━━━ Information shown

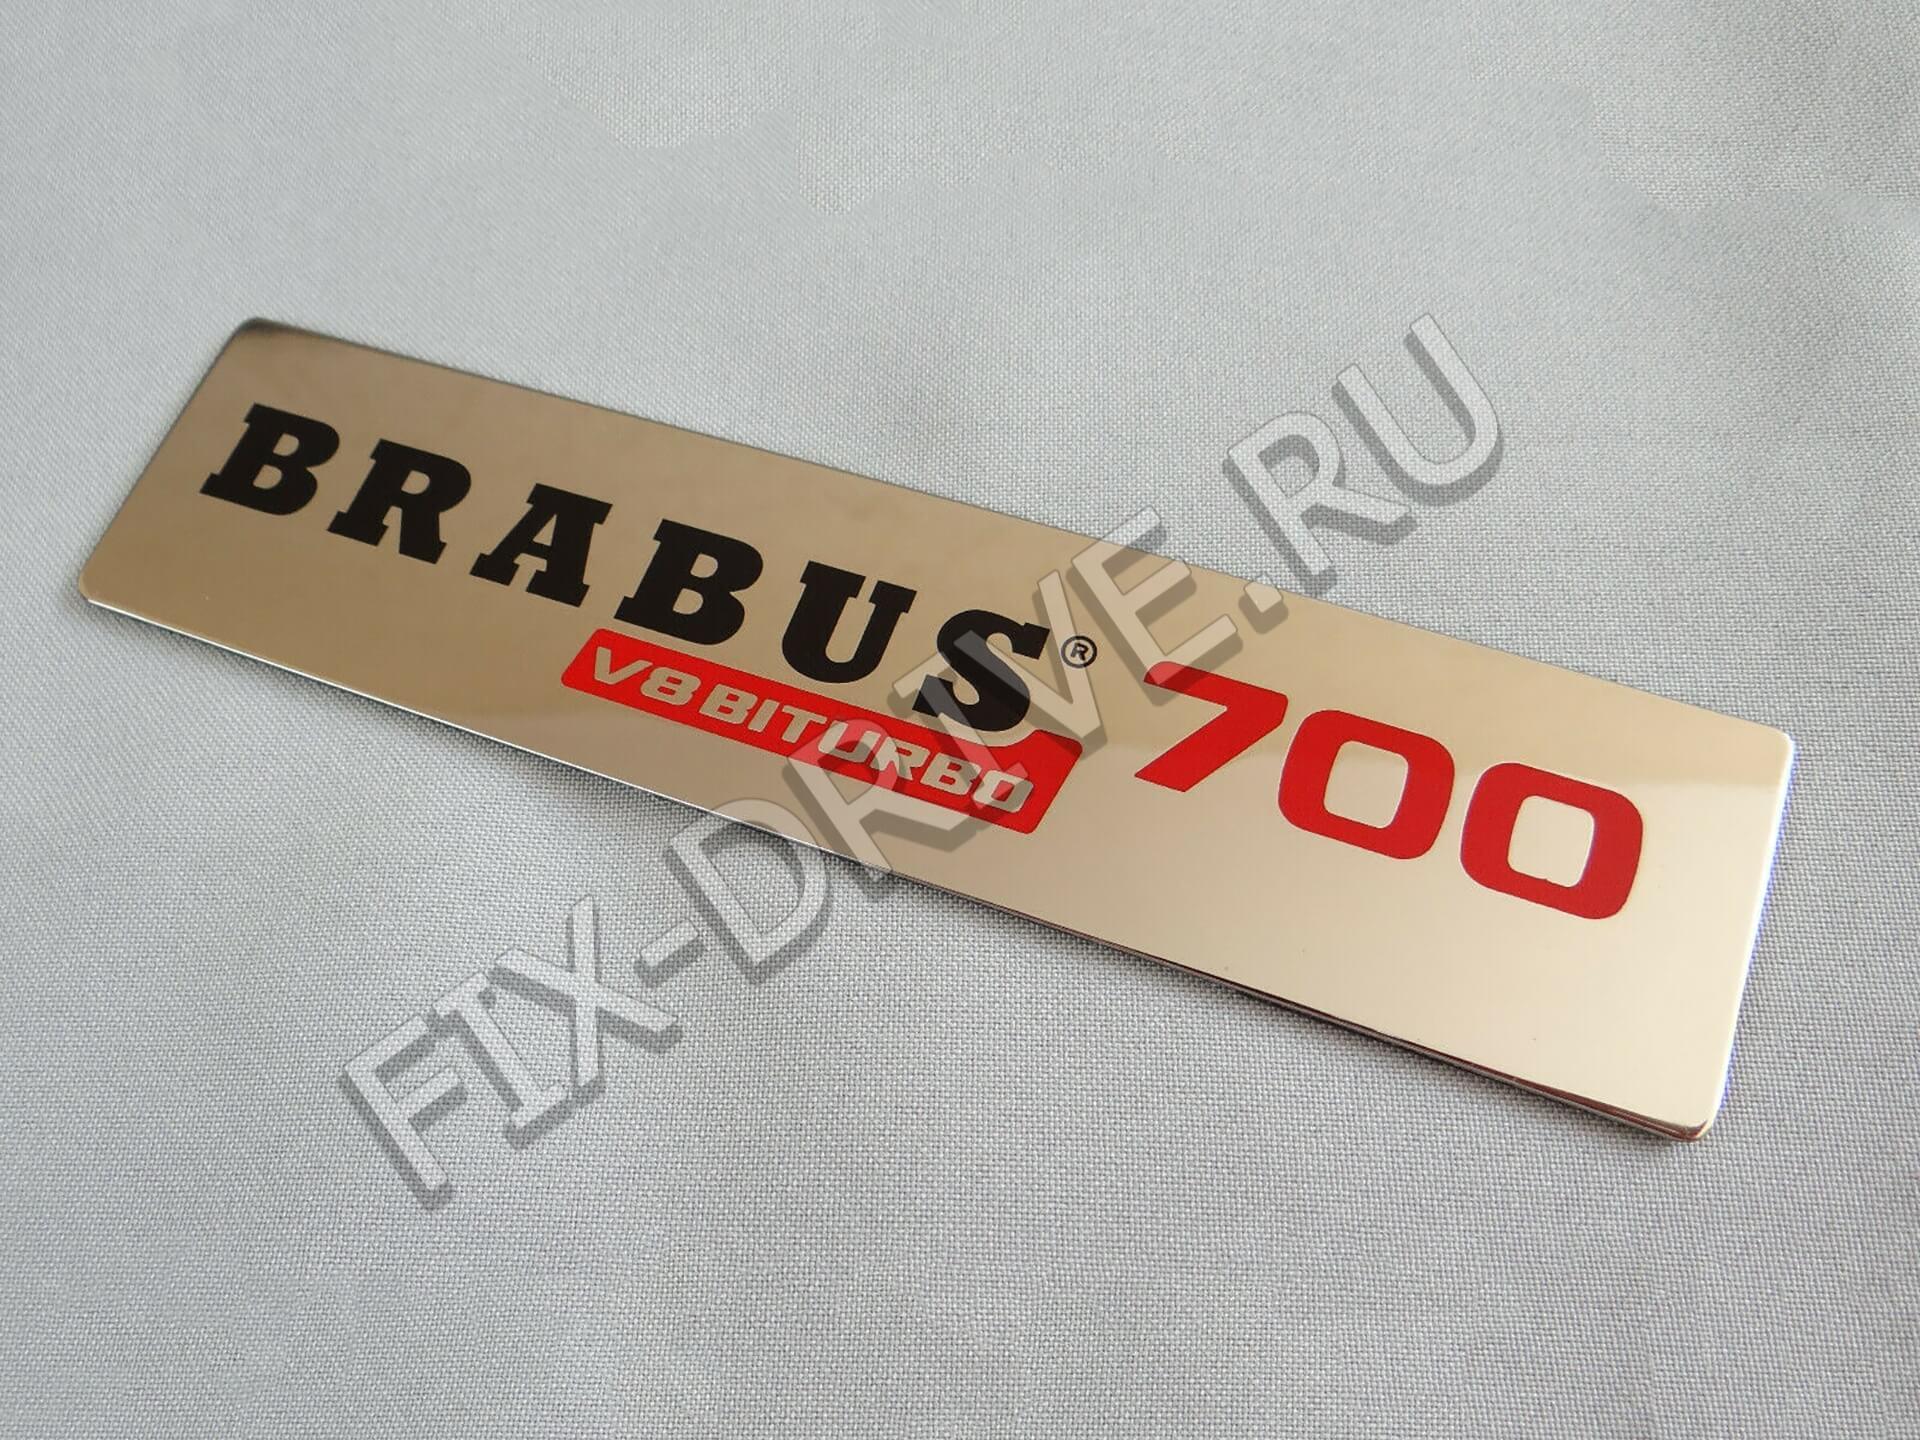 Эмблема V8 Biturbo Brabus 700
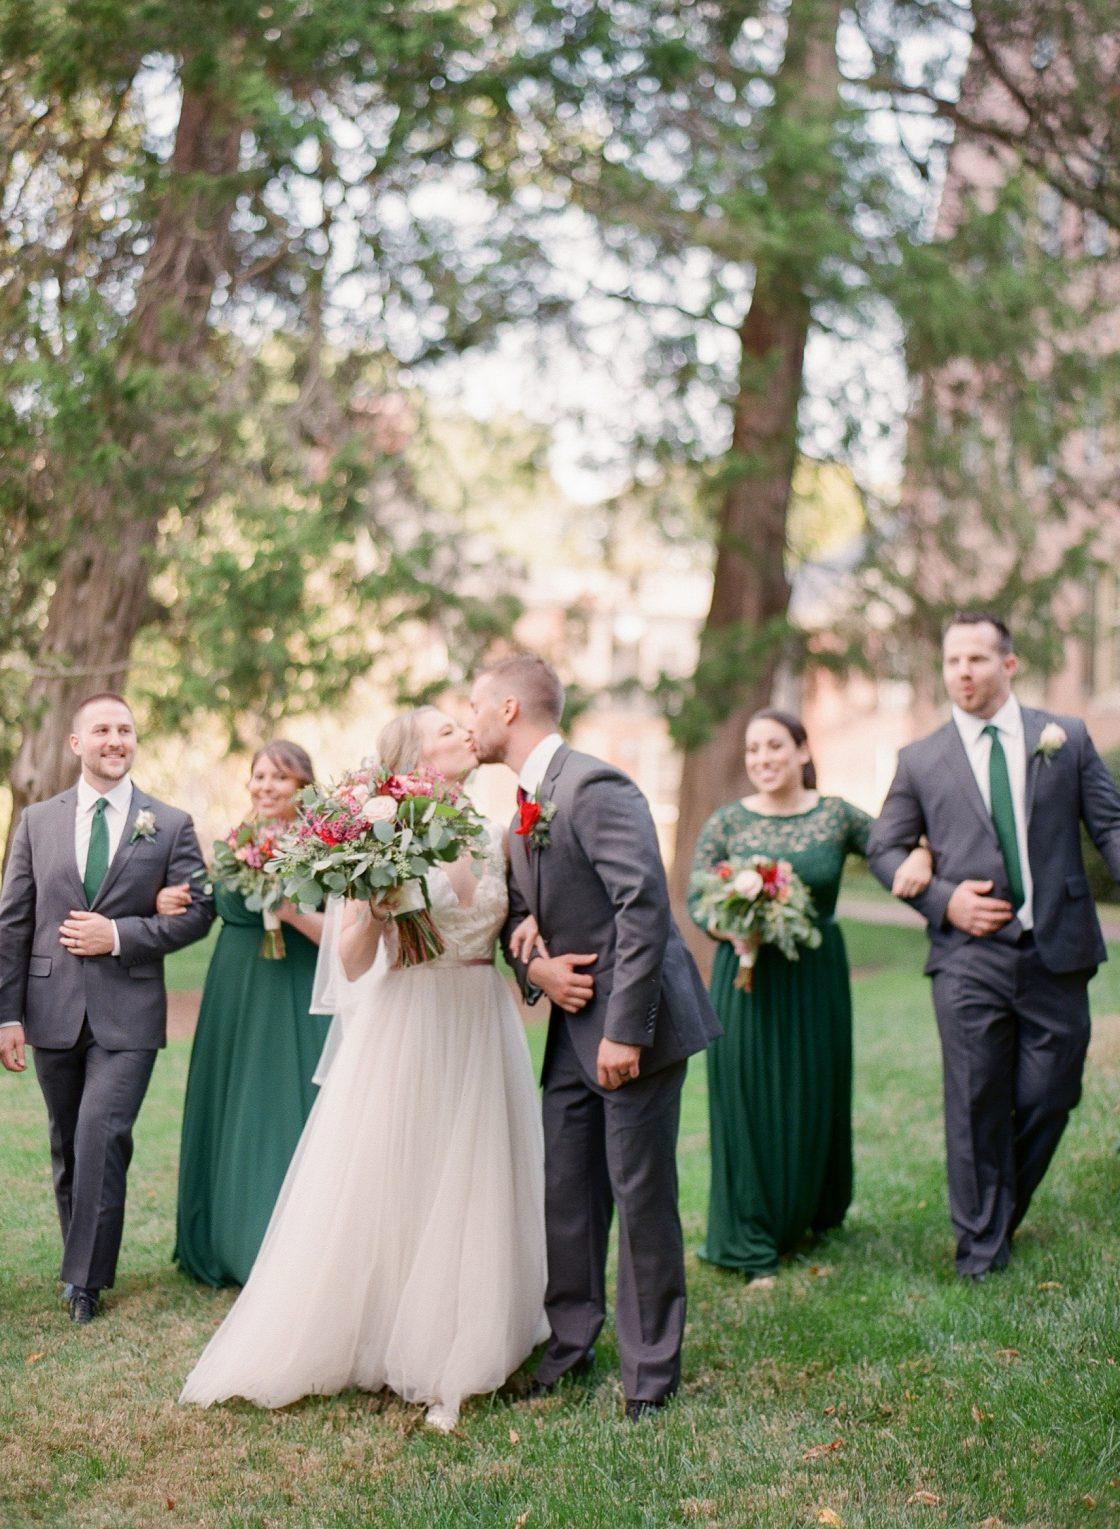 Romantic Bridal Party Photo
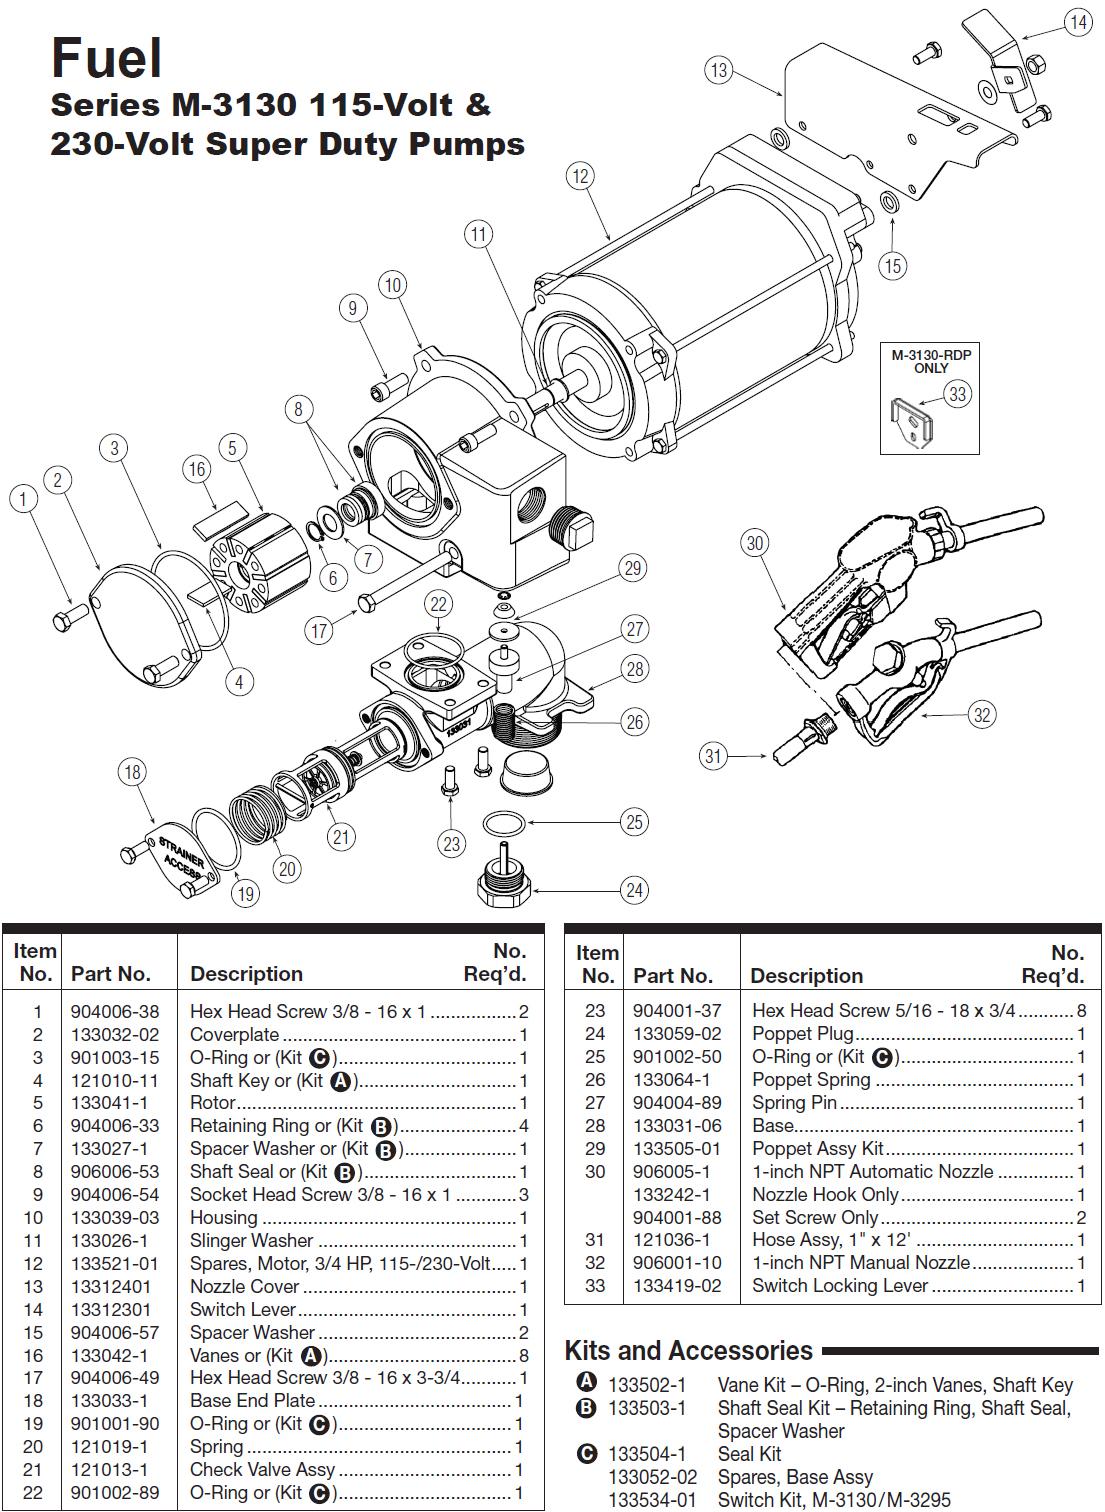 GPI M-3130-PO XTS 115/230V Super Duty Fuel Transfer Pump

━━━━━━

■ **To do**:
The reply has to reproduce every line above verbatim and contain no pictures.

■ **Answer area**:
 Эмблема V8 Biturbo Brabus 700
 Romantic Bridal Party Photo
 GPI M-3130-PO XTS 115/230V Super Duty Fuel Transfer Pump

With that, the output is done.